-- DATA SEGMENT --
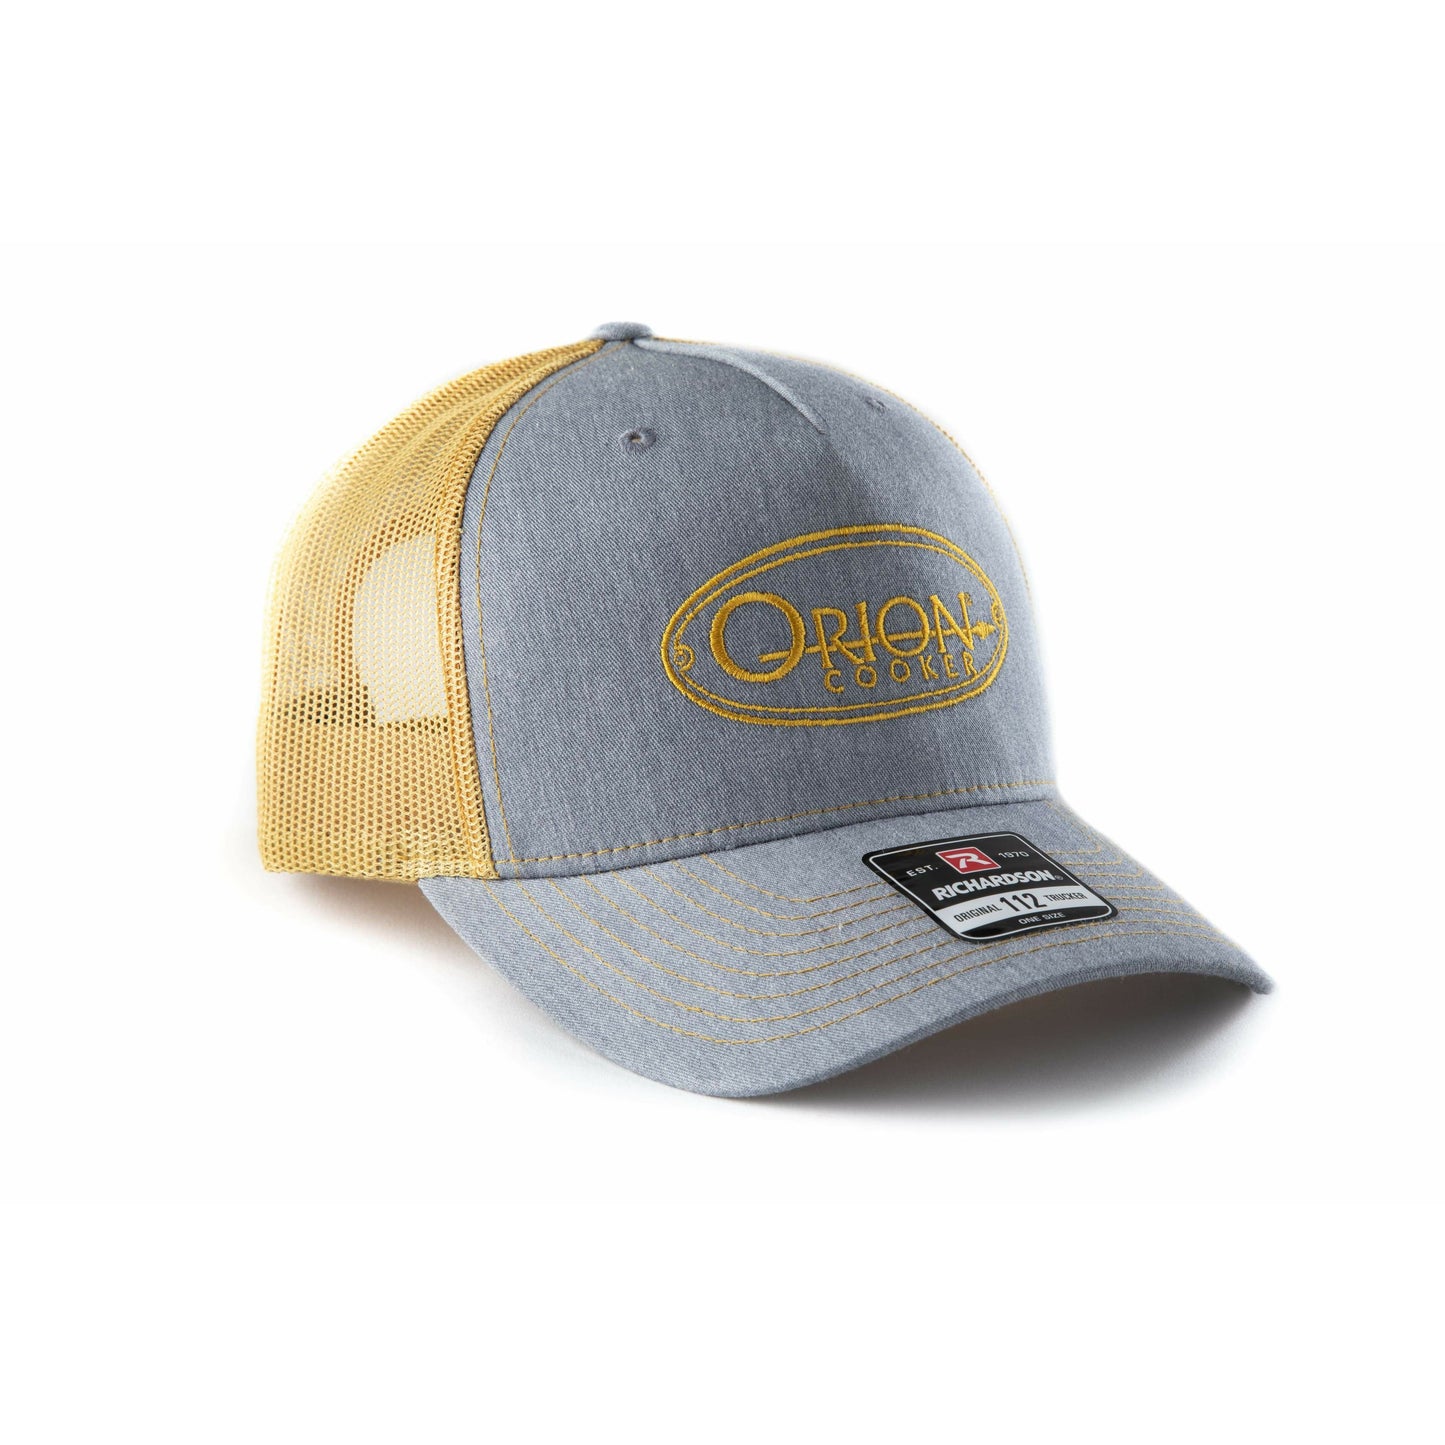 Richardson 112 Orion Cooker Trucker Hat
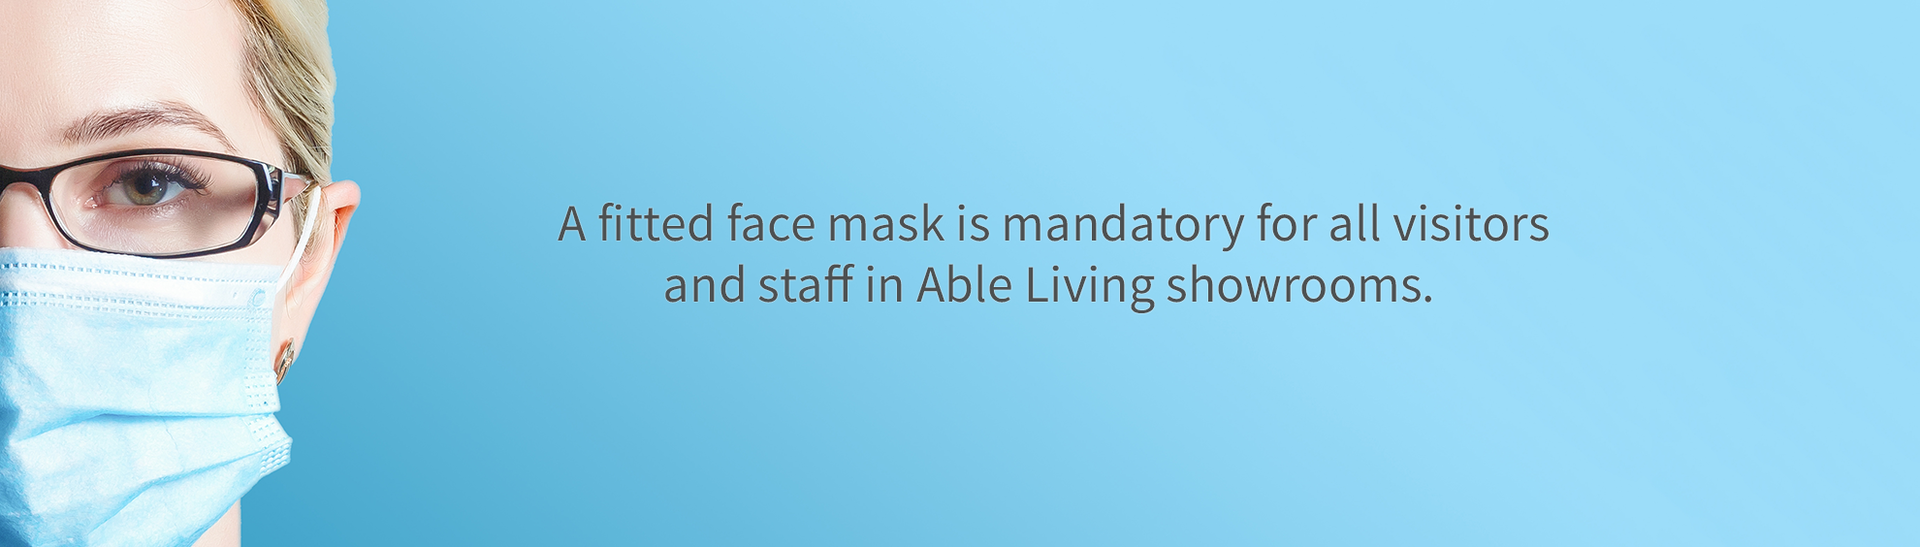 Face mask banner
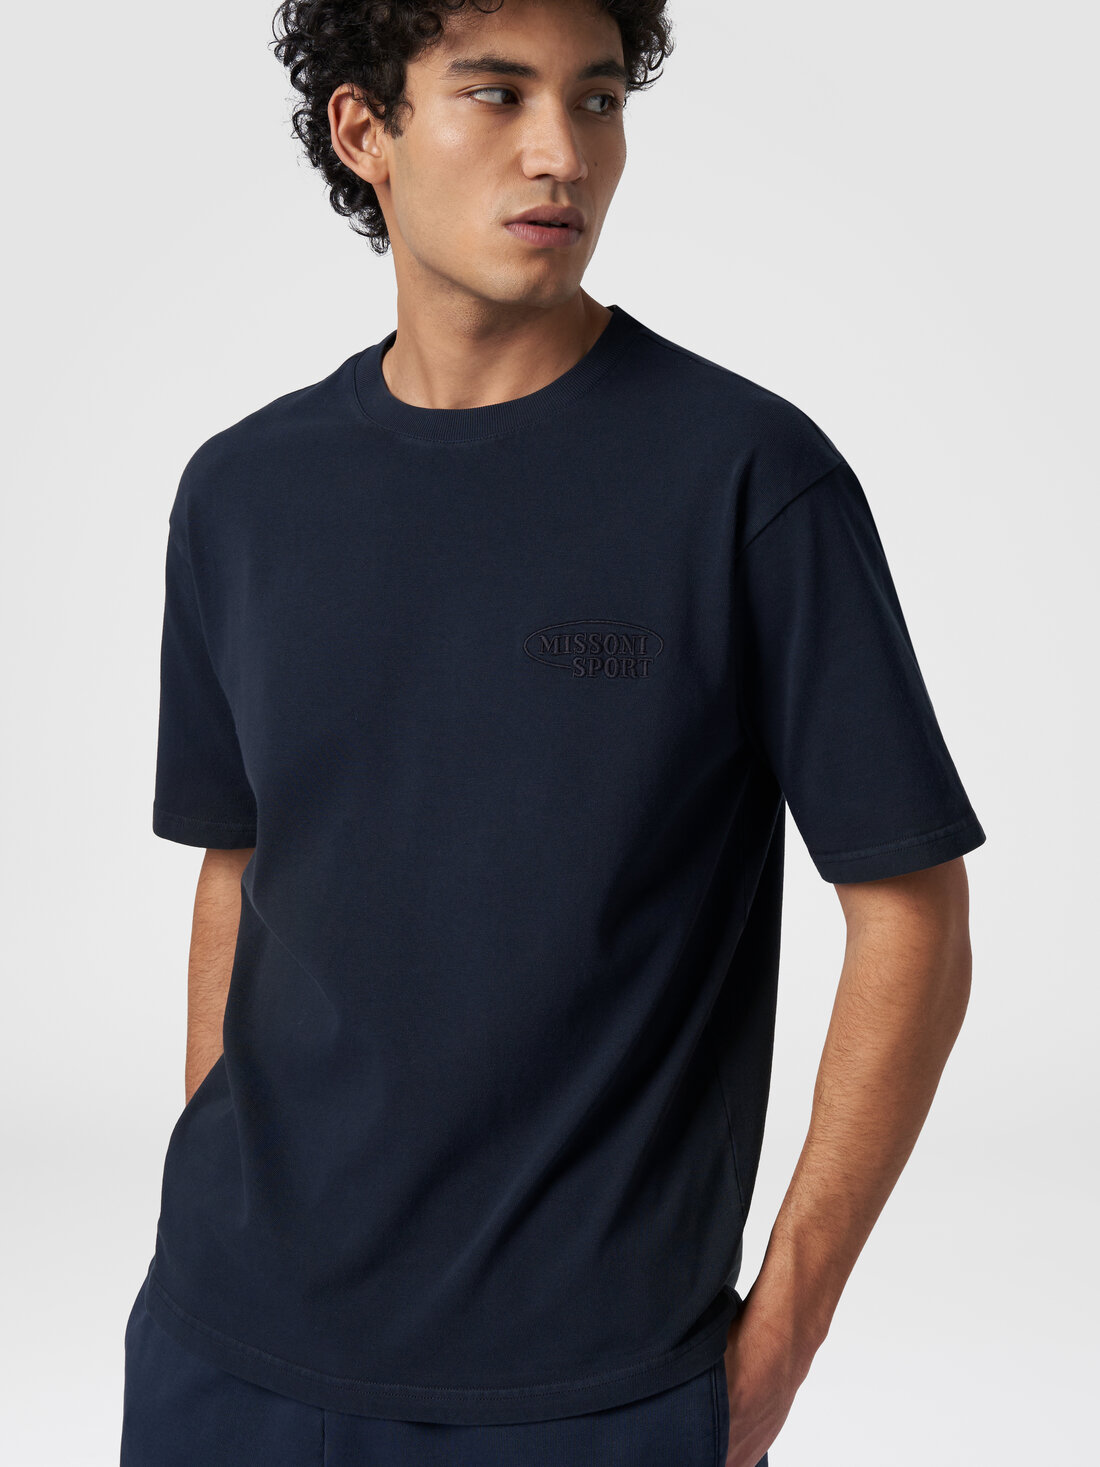 Camiseta de cuello redondo de algodón con logotipo, Azul Marino  - TS24SL00BJ00GYS72EU - 3
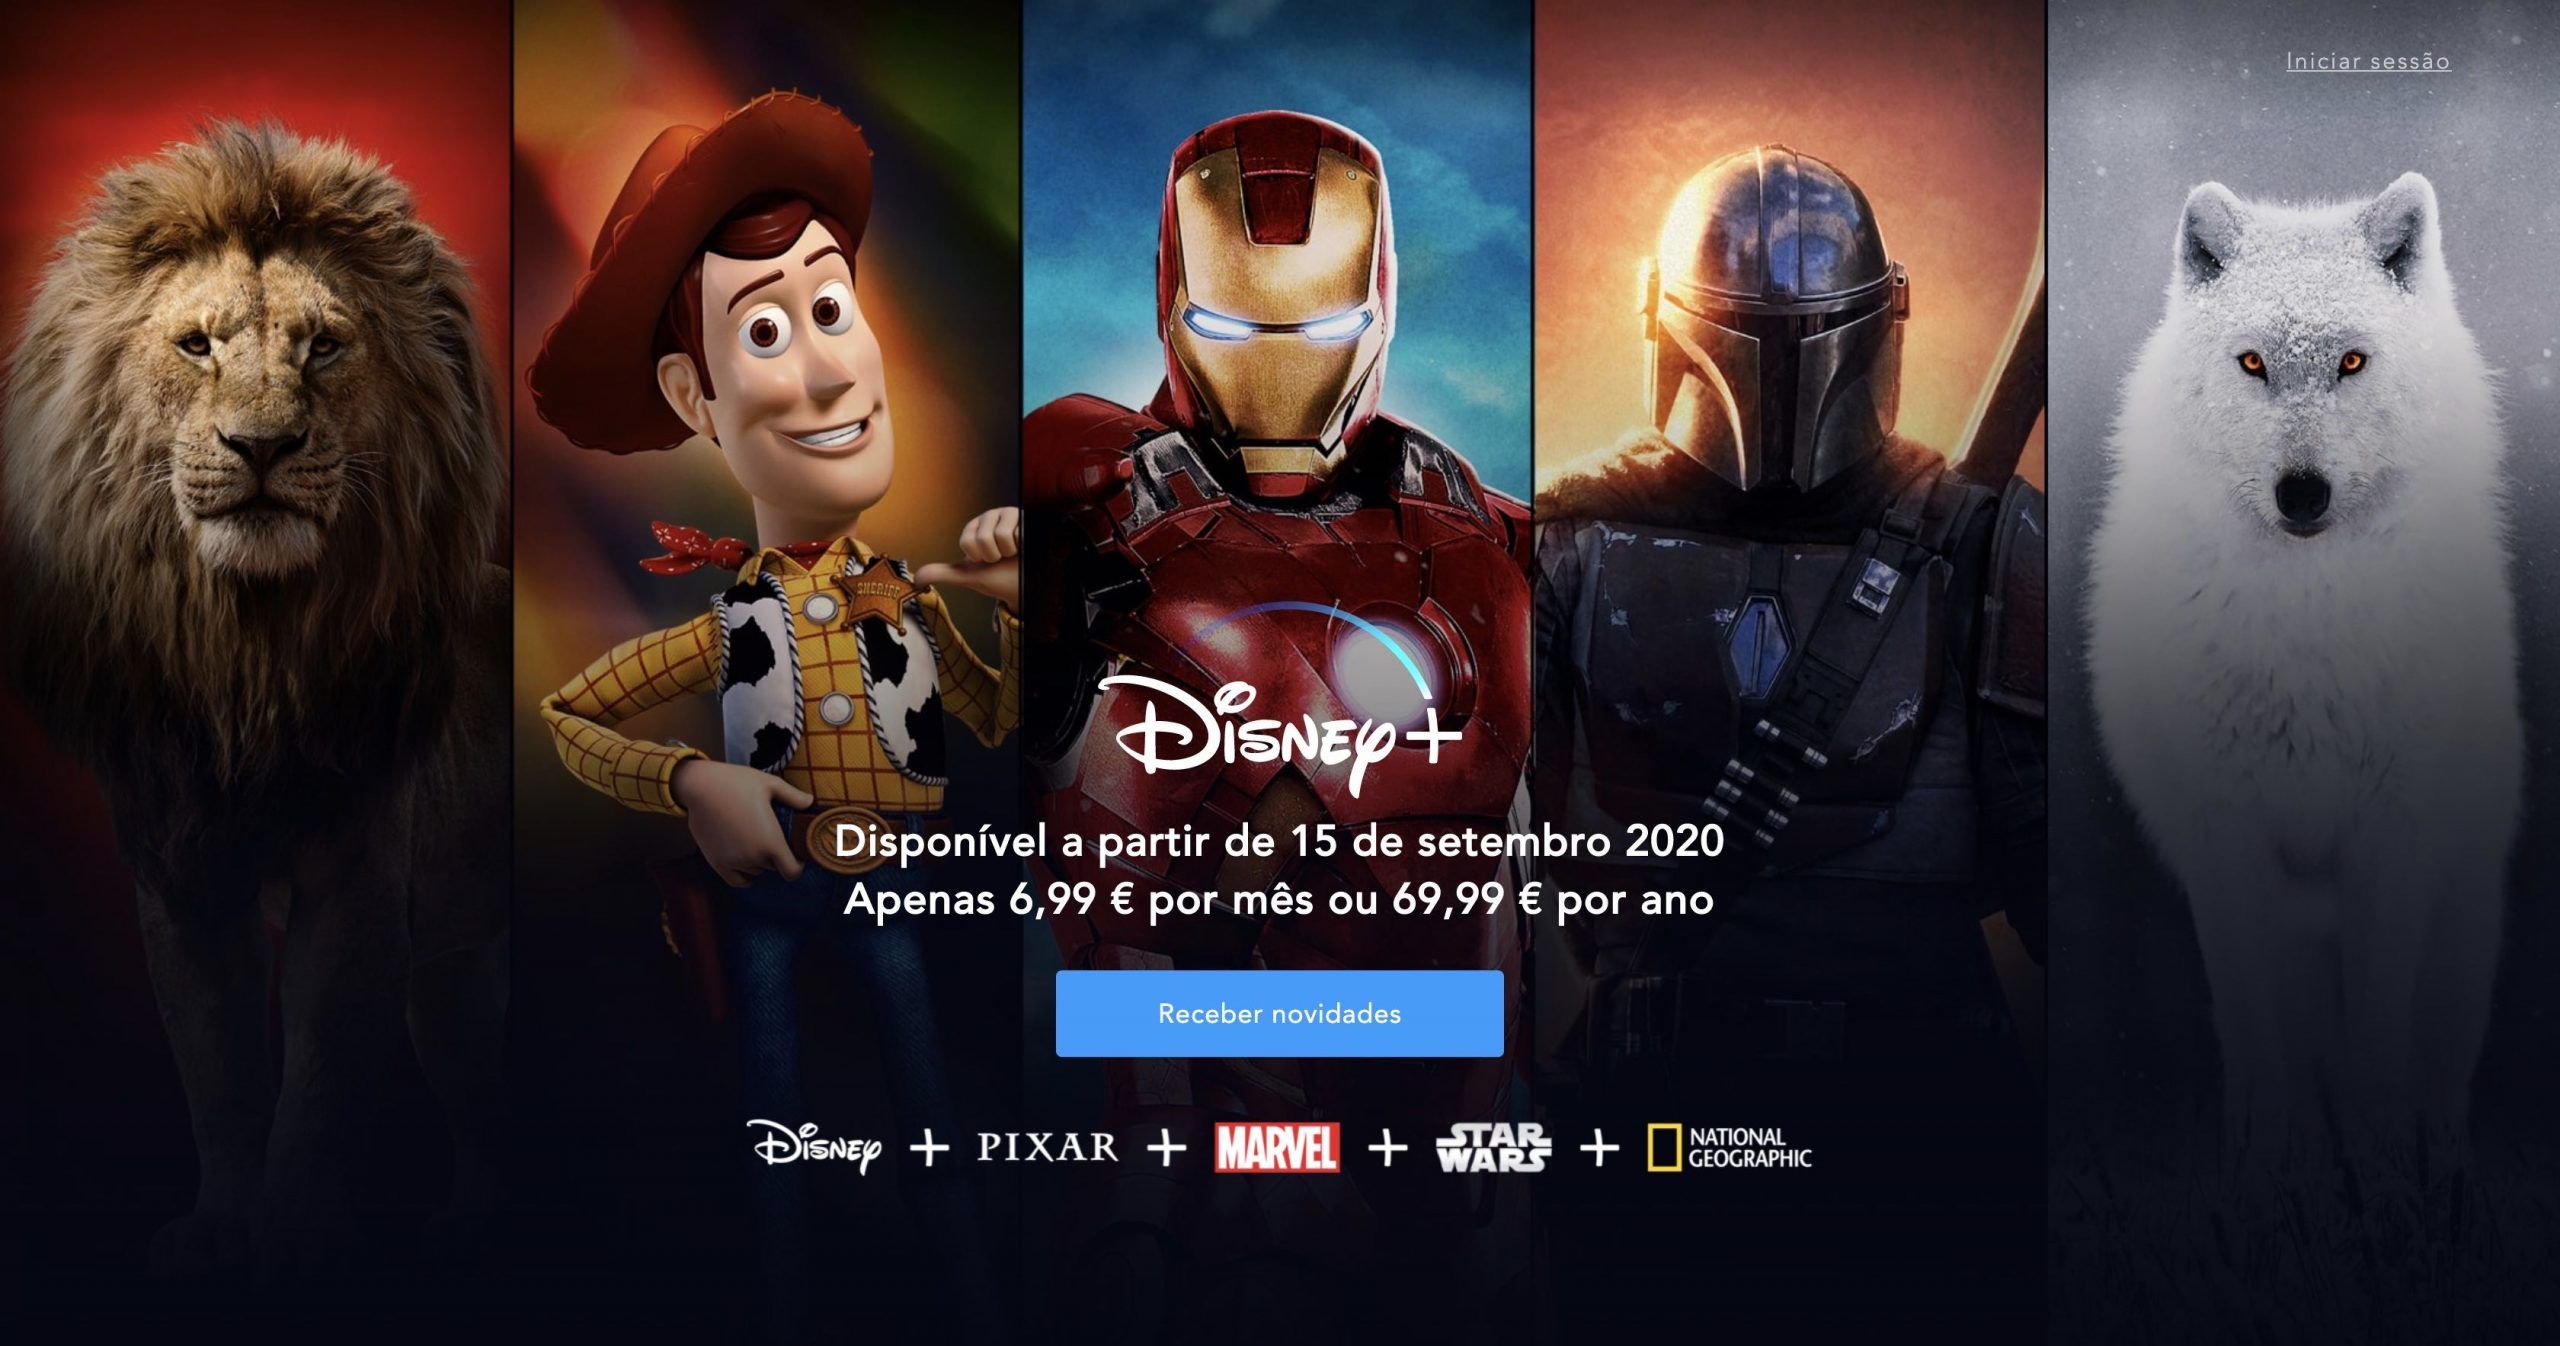 Disney-plus-2020-3

-- ABOUT THIS TASK --
Every line of the listing is to be retyped exactly; pictures stay out.

-- WORKED SOLUTION --
 Richardson 112 Orion Cooker Trucker Hat
 Face mask banner
 Camiseta de cuello redondo de algodón con logotipo, Azul Marino  - TS24SL00BJ00GYS72EU - 3
 Disney-plus-2020-3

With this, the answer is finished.